Margaret Beaufort died in 1509. She was a major player in the Wars of the Roses, the swirling on-again-off-again civil wars that consumed England from 1455-1487. Romeo and Juliet was written and first performed in the early 1590s. Your average English person of Shakespeare’s day would probably have had at least a vague understanding of who she was and what happened to her, because she was a key figure in recent history and was still getting passed around as a cautionary tale.
There are two great problems with what happened to Margaret (and that her parents are trying to do to Juliet). One is easy for modern people to spot (but was also a common response back in her own day). And that’s the moral implications of what was done to her. She was too young to be married, and it was horrifying that she was forced into it so young. Every one of the adults around her either acted immorally or failed to protect her. They were wrong. This is what modern people see, and it’s important to remember that people back in her day mostly agreed with it. You’re supposed to think it’s fucked up! When girls were married that young (and it didn’t happen often!) it was a formality 99% of the time. It was for dynastic or financial reasons (the girl has lots of money and/or land and/or a title that her husband wants), but the “couple” don’t consummate their marriage for years. And it’s not just that they would have separate bedrooms. They might not even live in the same country until the girl was in her late teens and physically and mentally mature enough to bear and raise kids. Hell, a lot of times they didn’t even meet until the girl was older! They had this thing called “proxy marriage” where you would have two separate ceremonies, in two separate places, with each party saying their vows separately, one in one city and the other in a different one. So, yeah, sure, the girl was technically married at 12, but she didn’t actually meet her “husband” in person until she was 17 and they didn’t start sleeping together until she was 20. That was a thing they did.

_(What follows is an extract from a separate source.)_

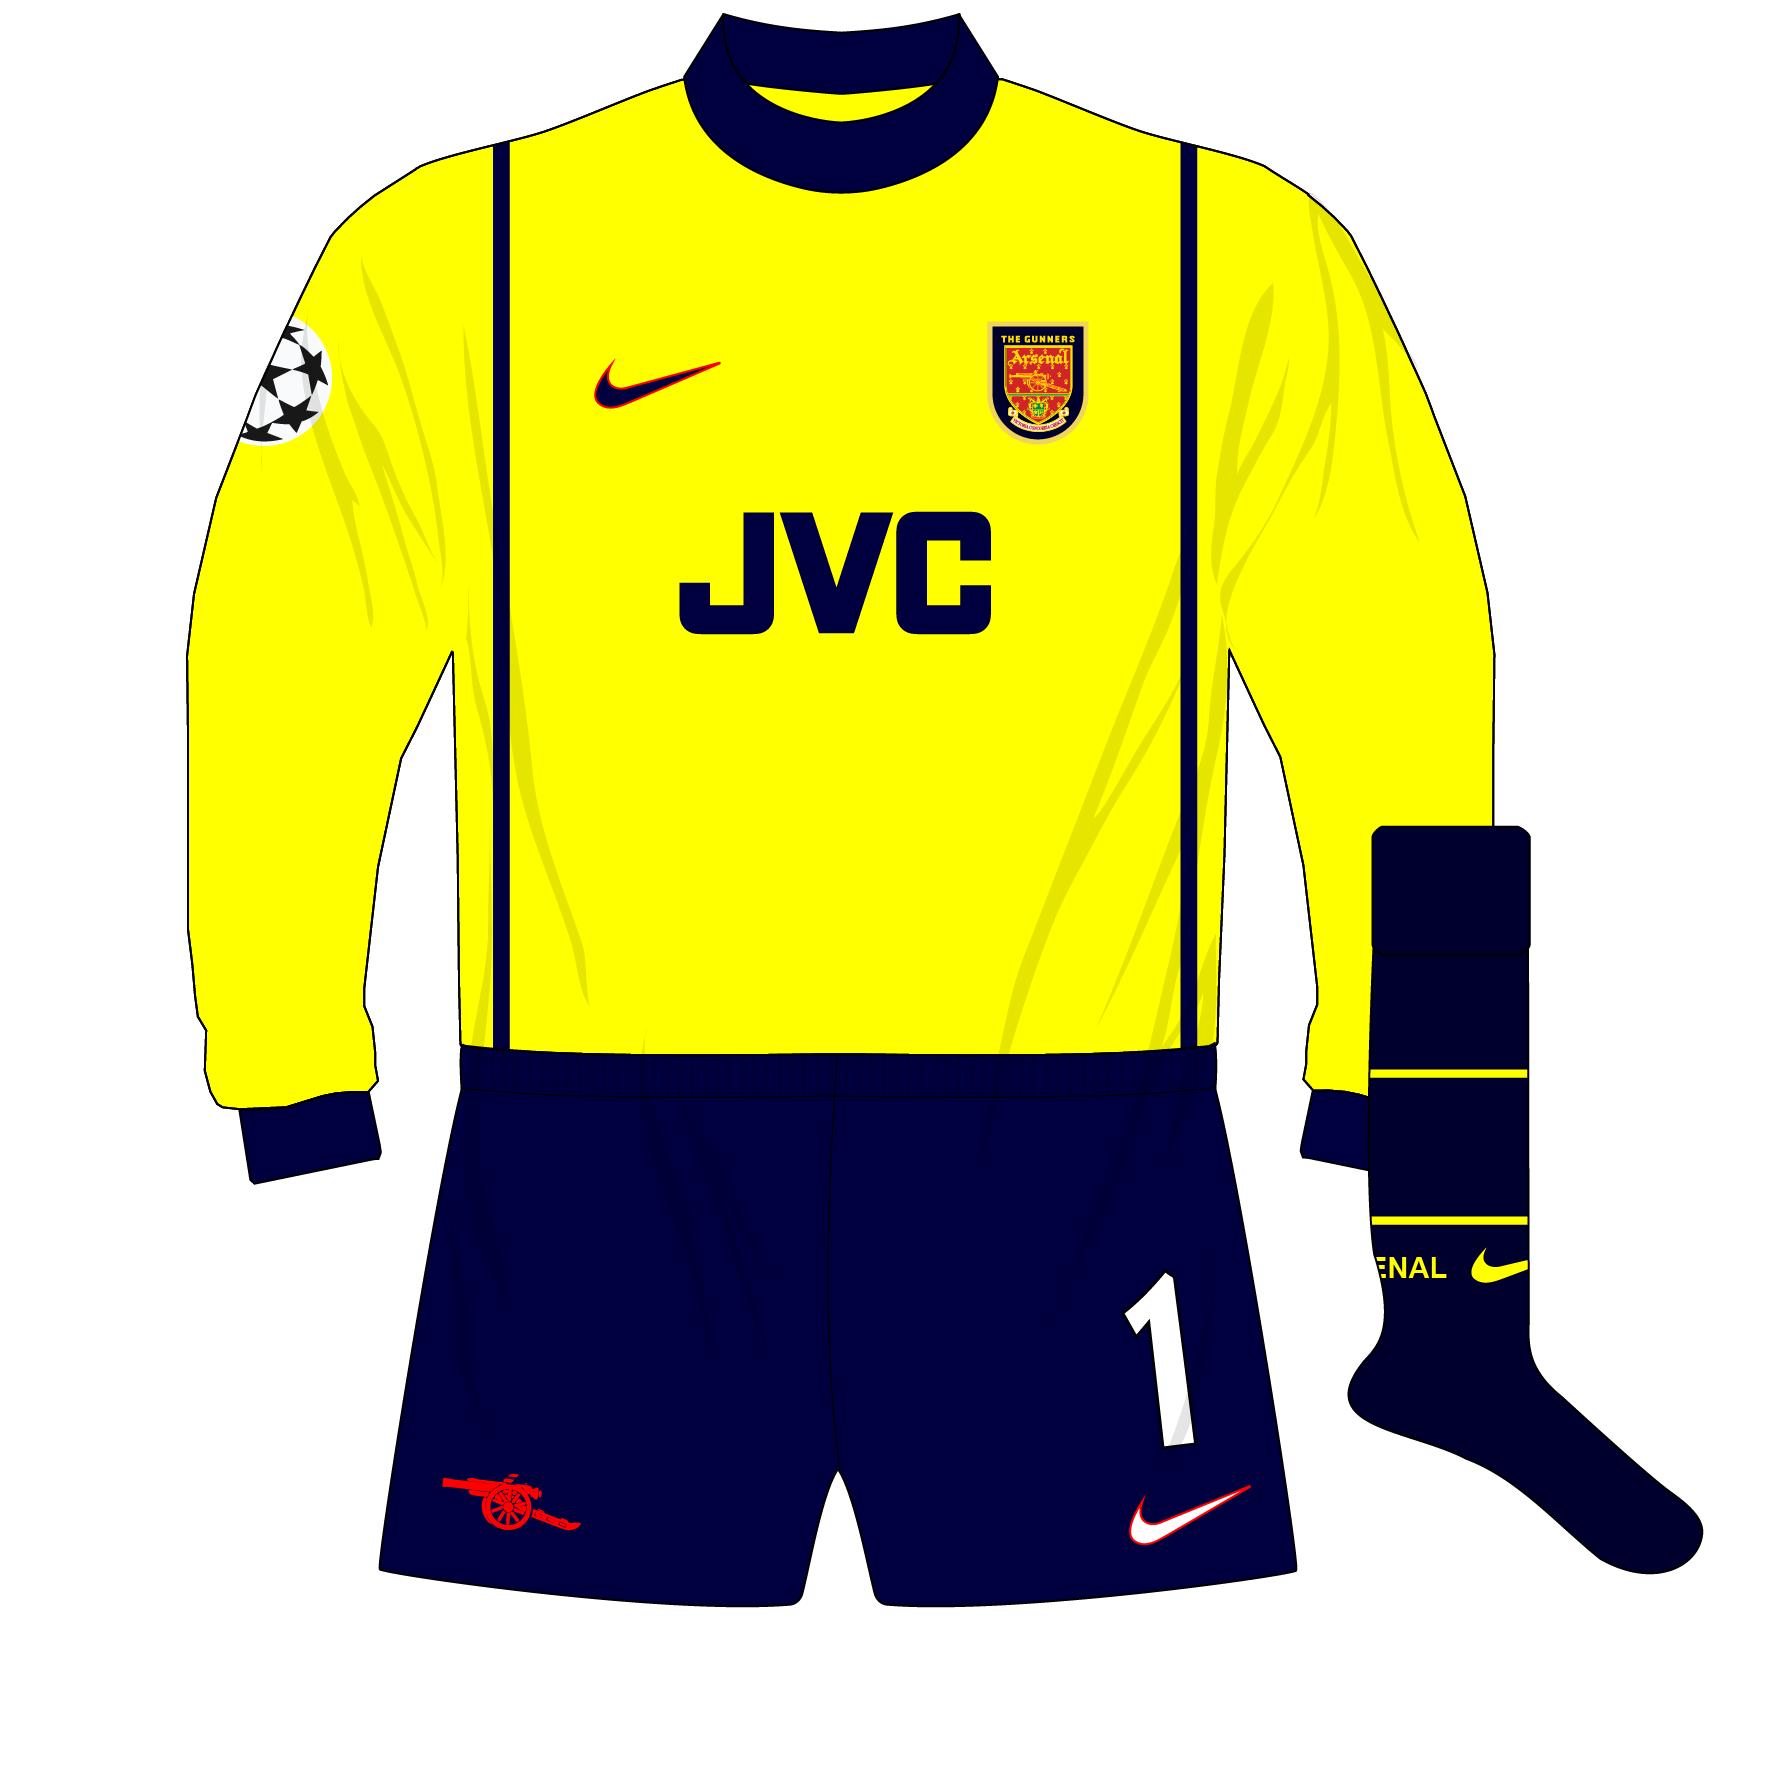 sale retailer 67e32 29e37 Arsenal-Nike-1998-1999-yellow-goalkeeper-shirt-kit-Champions ...

The other problem, the one that modern people don’t notice, is dynastic. See, marriage wasn’t generally because you loved someone. It was because you had the resources to support a family, and you or your family wanted to pool those resources with someone. It’s about “our family has these resources, and we want that to continue.” It’s about continuity across generations. It’s about making sure that your children and grandchildren have the best possible resources to survive and thrive, whether those resources are land or a trade or a title or money or whatever. In order for this to work, you have to have kids! The family and the family’s resources depend on the married couple having children. If the couple doesn’t have children, the marriage is a failure. And that failure affects not only the couple, but both families. This is a really big problem. And you can’t have just one kid to pass on the family name, because half of all kids die in early childhood. If you want to be safe, you need several kids, to be sure at least one will survive to adulthood (when they can marry and pass on the family name and resources.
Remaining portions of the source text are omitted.